Daniel Yaw Domelevo
The Auditor-General is stunned at the slow pace of progress made by his team conducting a forensic audit of the fire outbreak at the Central Medical Stores in 2015.
Daniel Yaw Domelevo says after eight weeks of investigation, the forensic team is getting “closer” to gathering key evidence to hold officers responsible but he is worried at the snail-paced progress.
“We were expecting that the exercise should last about 12 to 14 weeks but we underrated the speed at which it would go. The speed is much, much slower than what we thought it could be, rightly so because the audit has delayed…,” Mr. Domelevo said in an interview aired on “Corruption Watch”, a segment on the Super Morning Show on Joy FM, Wednesday, May 2, 2018.
The Auditor General’s Department outsourced the contract to a private firm to conduct a forensic audit into the CMS fire and produce significant findings enough for the Attorney-General to begin prosecution of the suspects as well as their collaborators in the suspected arson.
However, Mr. Domelevo is shocked at “…the pace at which things have moved.

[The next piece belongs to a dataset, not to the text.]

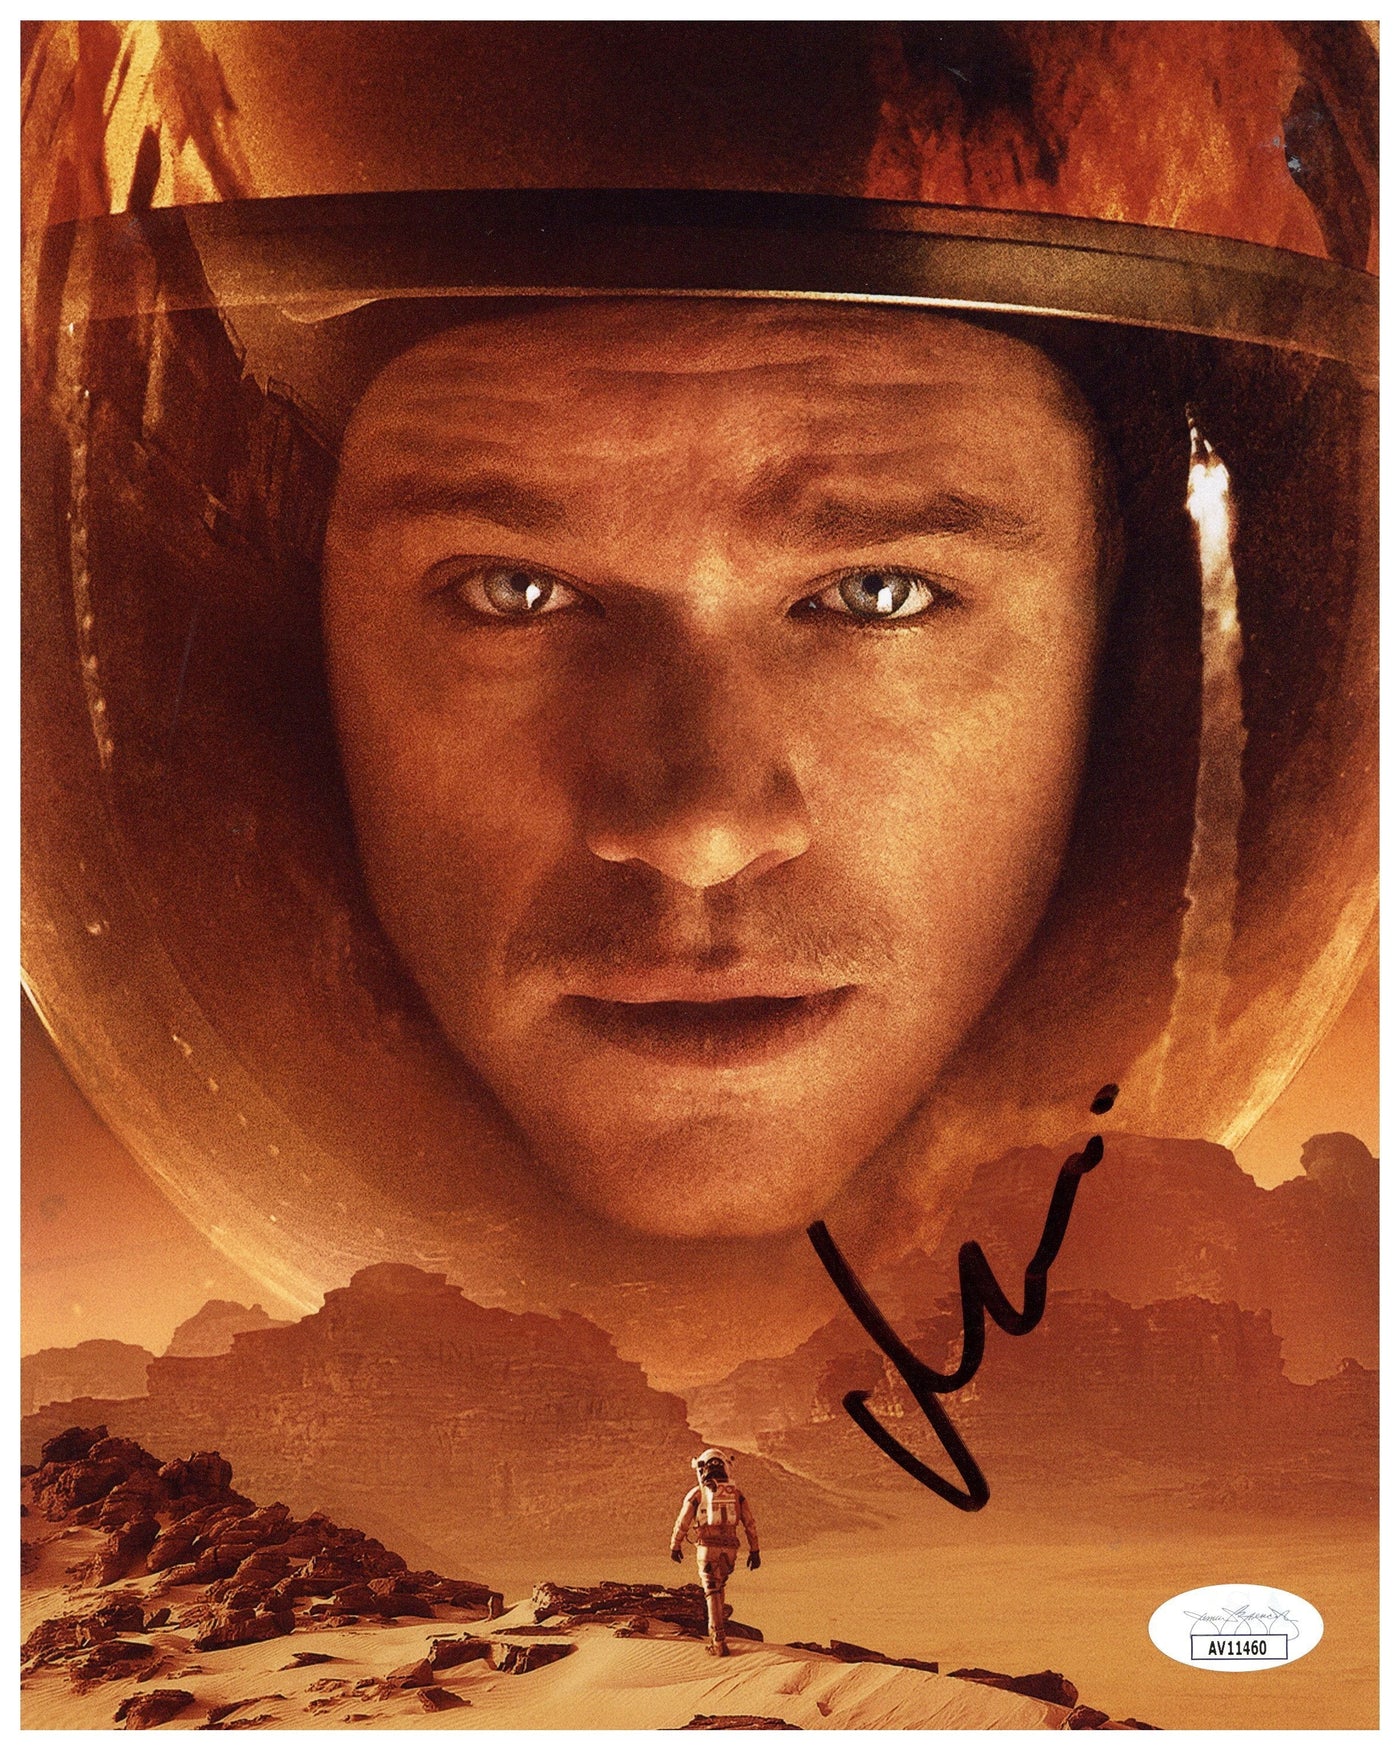 Matt Damon Signed 8x10 Photo The Martian Autographed Authentic JSA COA

“I’ve been surprised myself…,” he conceded.
The fire occurred a day before a planned action to bring sanity to the Store’s management systems following revelations of malpractices and irregularities there.
Medical supplies estimated at $80 million at the time, were all destroyed in the fire that took almost three days to bring under control.
The Auditor General had hinted in November 2017 that the task of conducting a forensic audit into the inferno would be daunting because, much of the evidence that would yield the anticipated results, had been cleared from the scene on the orders of the ex-Minister of Health, Alex Segbefia.
The investigators have now resorted to retrieving data from the preceding year, 2014, to guide them estimate the data needed, Mr. Domelevo revealed.
Unlike the situation where there is available documentation to be interrogated in the alleged corruption, in the case of the CMS incident all the documents have been burnt, he said.
“Whenever we are doing a forensic audit, the idea is to hold somebody accountable; forensic audit is not like financial audit where you want to express opinions…but we don’t have all the information we need,” he explained further.
He noted: “This is a case in which we are going to hold people accountable, you go to court and you don’t have all your information right, they [court] will just throw you out… so we are going back to 2014 figures and see what was the stock level according to the records, so we’ll pick that record which they have…”.
He, however, expressed confidence in the progress made so far as he said some officials involved in the alleged inferno, are assisting with information.
“But fortunately we have made progress [because] some of the officers involved when the fire broke out, we are able to identify them and they have helped us to retrieve a lot of documents which the auditors require.”